Lookout Mountain home has a view worth sharing

While she technically lives alone, there's always someone coming and going from Sharon Fussell's Lookout Mountain home, whether that be one of the Pilates instructor's clients coming for a workout in her home studio, or a Covenant College student heading to class while staying in one of her spare rooms for the semester.

It's not uncommon for Fussell to have a full house around the holidays, and she loves to host visiting artists performing with the Chattanooga Symphony and Opera. "It's just fun to have a big enough house that you can do that," she says. "It's something I will miss if I ever size down."

Sharon and her late husband David Fussell moved from Missionary Ridge to Lookout Mountain when they purchased the house next door to where their dream home now sits in 1998. They updated the existing house, which was built in 1952, but it was the land - four and a half lots overlooking Rock City on Gnome Trail in Fairyland - that really attracted them to the property. "My father was in real estate and always had a value for land, and he instilled that in me," she says.

She and David had always envisioned eventually breaking apart and selling pieces of the property.
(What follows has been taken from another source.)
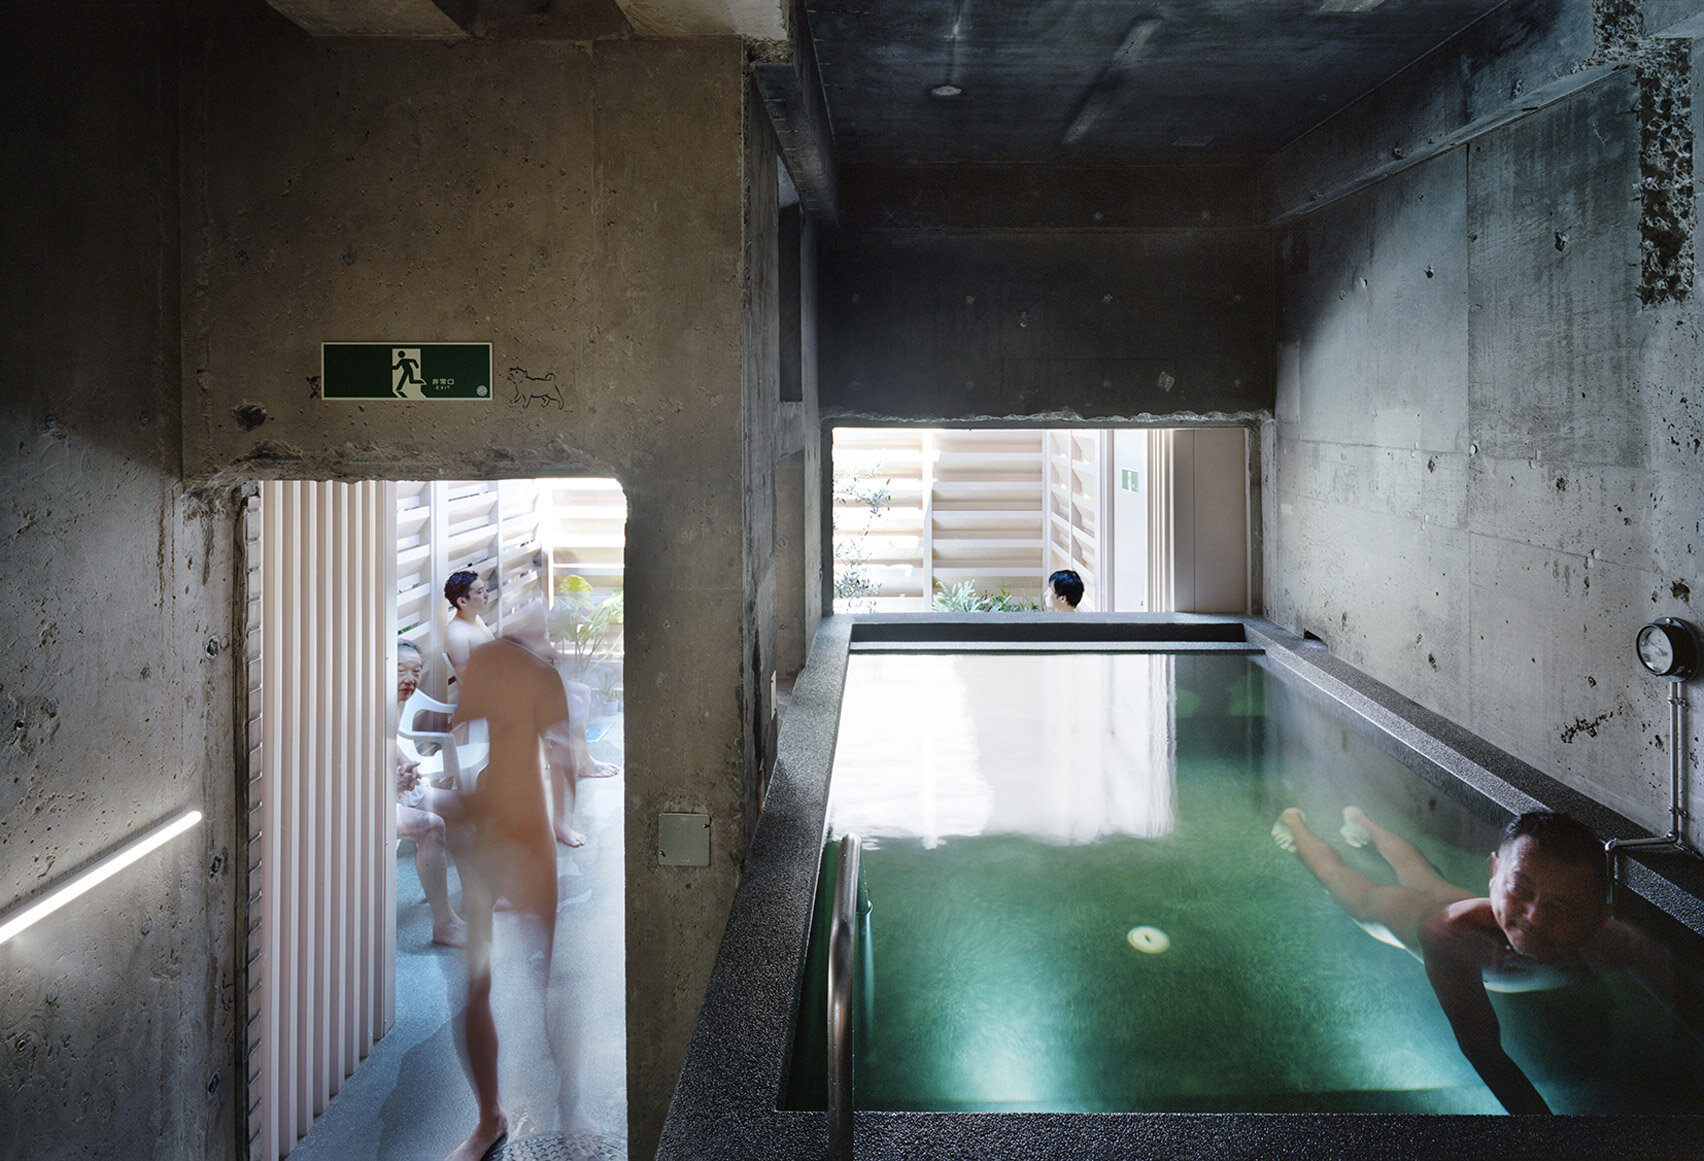 koganeyu-schemata-architect-sento-public-bath-house-renovation-japan-architecture_dezeen_1704_col_10.jpg

So after living in the existing house for almost a decade, they decided to sell it and build the home in which Sharon currently resides on the adjacent land. "I have absolutely the most wonderful street," she says, adding that most of the residents are very friendly with one another and sometimes host neighborhood parties.

One of those neighbors, Beth Soloff, had recently built on her own property, inspiring the Fussells to craft a dream home of their own.
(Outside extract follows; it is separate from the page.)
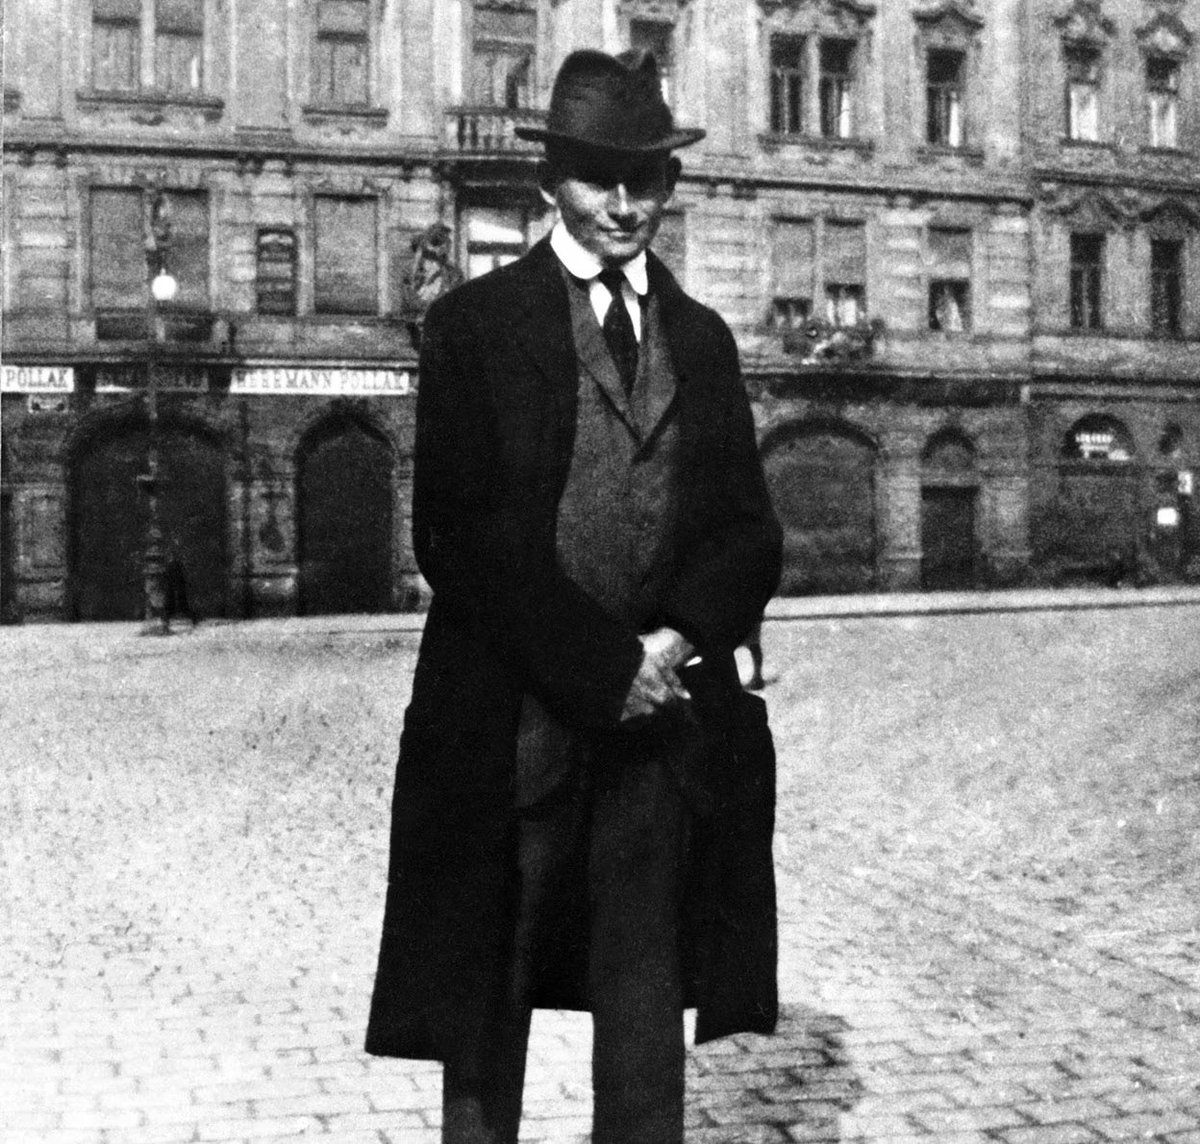 Hace 100 años falleció el gran autor austriaco-checo Franz Kafka de tuberculosis, a los 41 años. Para conmemorar este escritor para quien „la literatura es siempre una expedición a la verdad“ organizamos una serie de exposiciones y charlas. Descubre más: goethe.de/ins/co/es/kul/…

Like most people who love to build and remodel homes, Sharon had a thick file full of cutout magazine photos of her favorite design elements awaiting the start of her next project. She worked with architectural designer Nancy Underwood, owner of Signal Mountain-based Residential Designs, to incorporate those elements into a space that fit the couple's needs and lifestyle.

At nearly 7,000 square feet, the cottage-style home has four bedrooms, each with its own bath. An open floor plan is highlighted by 10-foot ceilings on the main level, which includes a formal dining area, sunken living room and eat-in kitchen, all tied together with oak flooring and a red-and-black color scheme throughout. The moody palette is brightened with natural light from the floor-to-ceiling glass-paned doors facing the bluff, topped with unique diamond-pattern transom windows, an architectural detail used throughout the home that's among Sharon's favorite features.

She's also a huge fan of the exterior, made of Hardie board and mountain stone, as well as the colors she selected for the interior with the guidance of local decorator Marsha Yessick. "I chose colors that I like to wear," Sharon says, adding that she loves the "especially yummy" color chosen for the great room and front door, Raspberry Truffle, a warm red with tones of orange and chocolate.

The kitchen features a Sub-Zero refrigerator, Wolf range, wine storage, island and pantry. The Key lime green of the terrazzo-style tile flooring is echoed in the window treatment, backsplash tiles and flowers on the wallpaper. The black background of the wallpaper design complements the black granite countertops and island, contrasting nicely with the white Wood-Mode cabinets. Skylights help bring in natural light and highlight the twin chandeliers suspended from the vaulted white tongue-and-groove ceiling.

The home's stellar view can be enjoyed from two large screened porches, one of which is located off the kitchen and living room on the main level. The other sits off the upper-level bedroom suite. Sharon says she loves a cozy fire, which she can enjoy in the master, the great room or the screened porch off the kitchen - and which is perfect for entertaining guests. When she finds herself alone, she can linger over a cup of coffee in the master without ever heading to the kitchen, using the master's hotel-style beverage station.

Each of her grandchildren has at one point slept in the nursery, which is attached to one of the guest rooms on the second level. The bedroom connects via a bathroom to a separate seating area featuring hand-painted scrollwork to match the room's window treatments and the bathroom wallpaper pattern.

Another aspect of the home Sharon adores is the landscaping, which, like when she and her husband lived next door, was all planted by David Fussell, including weeping cherries, corkscrew willows, Japanese maples and rhododendrons. "It was his passion and his hobby," she says of her late husband, who passed away suddenly from an aortic dissection in 2014.

Added in the spring of 2015, the spacious recreation and media room on the lower level was a space he had envisioned their grandchildren using when they came to visit. It features a ping pong table, entertainment center, plenty of storage behind red barn-style sliding doors, built-in bookcases and a guest room with private bath that's currently occupied by a Covenant College student. A telescope beckons stargazers near the bench seating along the bay windows overlooking the bluff.

Playful gnomes are scattered throughout the property, and one can imagine the mischievous little men escaping from nearby Rock City to find a permanent perch on Fussell's front stoop, hanging in her magnolia tree or holding an exterior light.